Daniel 9: 3 (ESV) “Then I turned my face to the Lord God, seeking him by prayer and pleas for mercy with fasting and sackcloth and ashes.”

Main Idea

Fasting helps enable a follower of Christ to become closer and more connected with his/her Creator. Fasting also restricts the desires of the body in order to focus our energy on God.

My Story

I recently had to make a hard decision that would impact the lives of several people. God called me to fast from television, social media, and do day fasts from food. This fast aided me to pray more fervently and discover God’s will in a situation.

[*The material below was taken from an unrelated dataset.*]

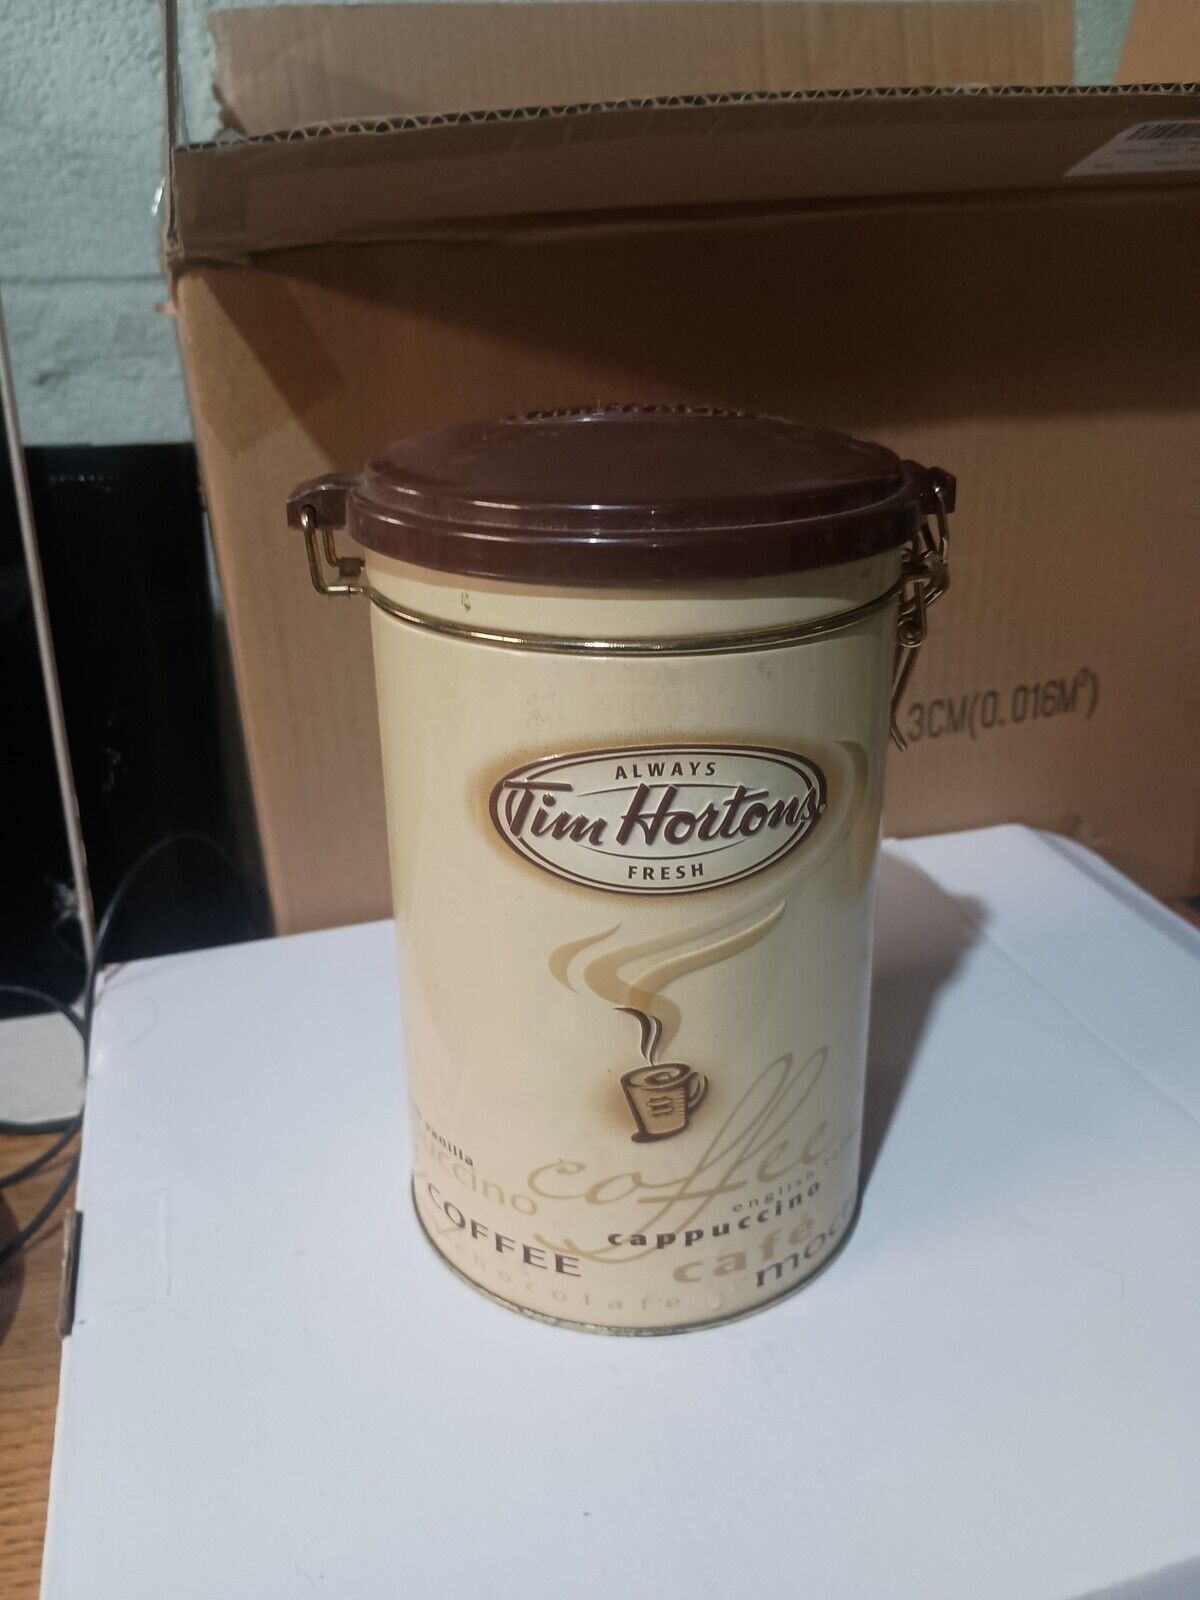 New Tim Horton's Tin Coffee Metal Canister Limited Edition #006 Always Fresh
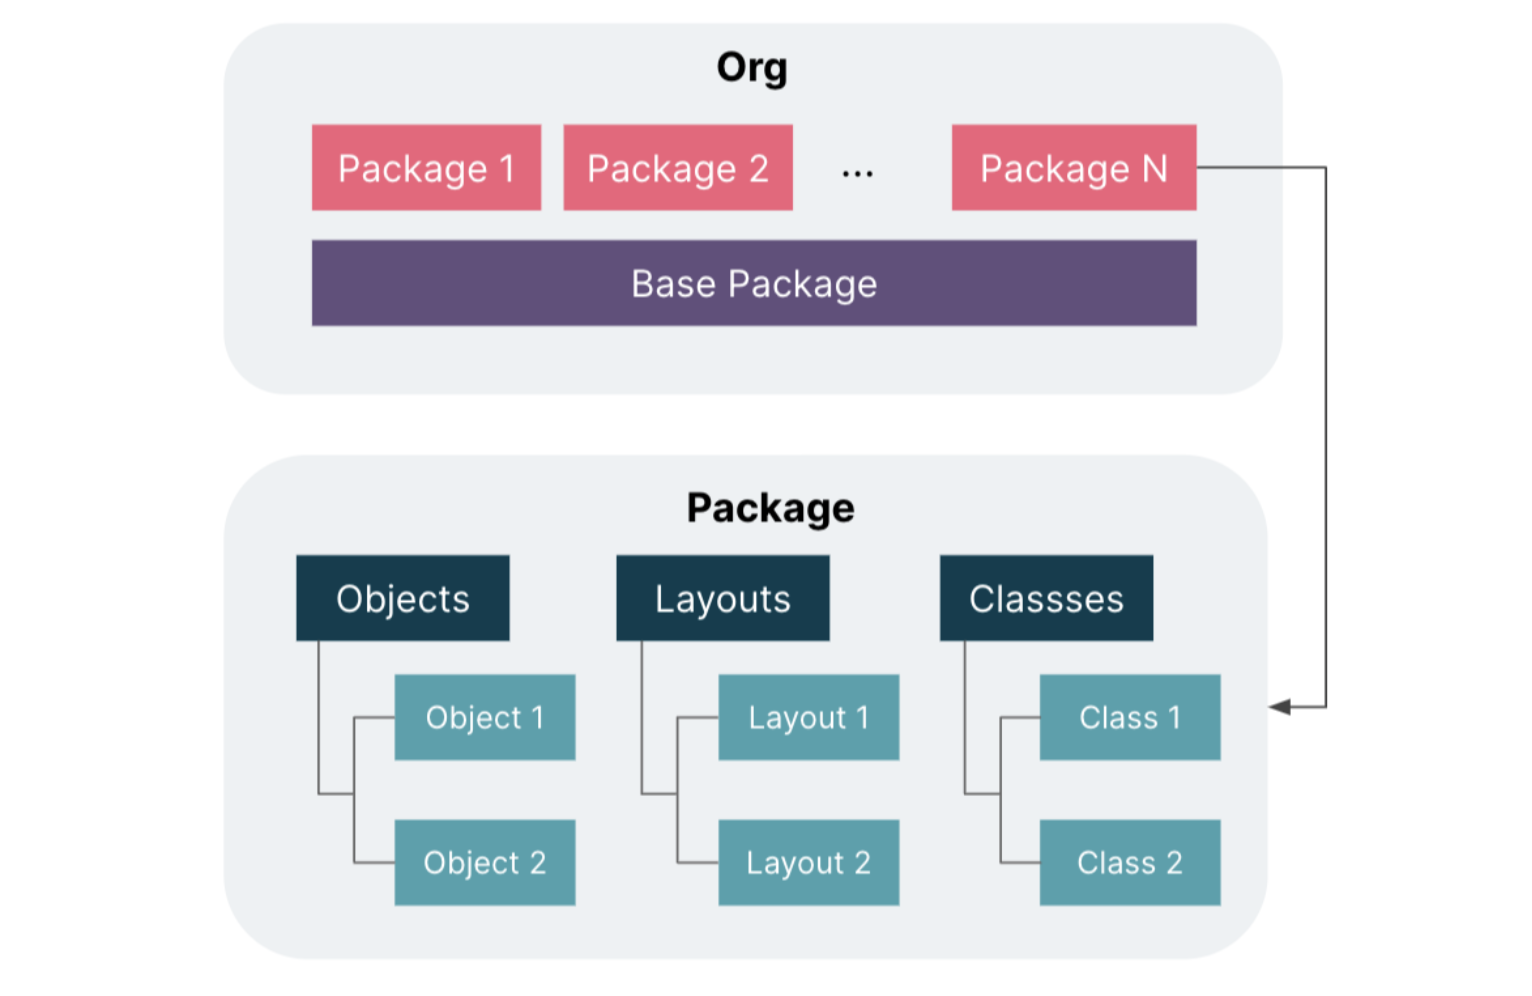 Metadata in the package-based model

God’s words resonated more clearly in the silence.

Discussion

Though the Bible primarily discusses fasting in terms of food, it also implies fasting in other areas of life. The point of fasting is to give up something in order to use that energy focusing on God and listening to him. Fasting is a crucial part of the process of becoming a stronger follower of Christ. When we fast, we can break through barriers and take down strong holds that have been built up as a hindrance between God and his people. We are called by God to fast, in order for God to say something to us that requires undivided attention.

Challenge

The first step in fasting is to listen to God to know when and from what to fast. When he tells you to fast, do so immediately. Remember, fasting is meant to be challenging, but at the same time peaceful and relaxing. Make sure to spend time with God using the extra opportunities created by the fast. Focus completely on God whenever you feel the deprivations of your fast and listen to His still, small voice.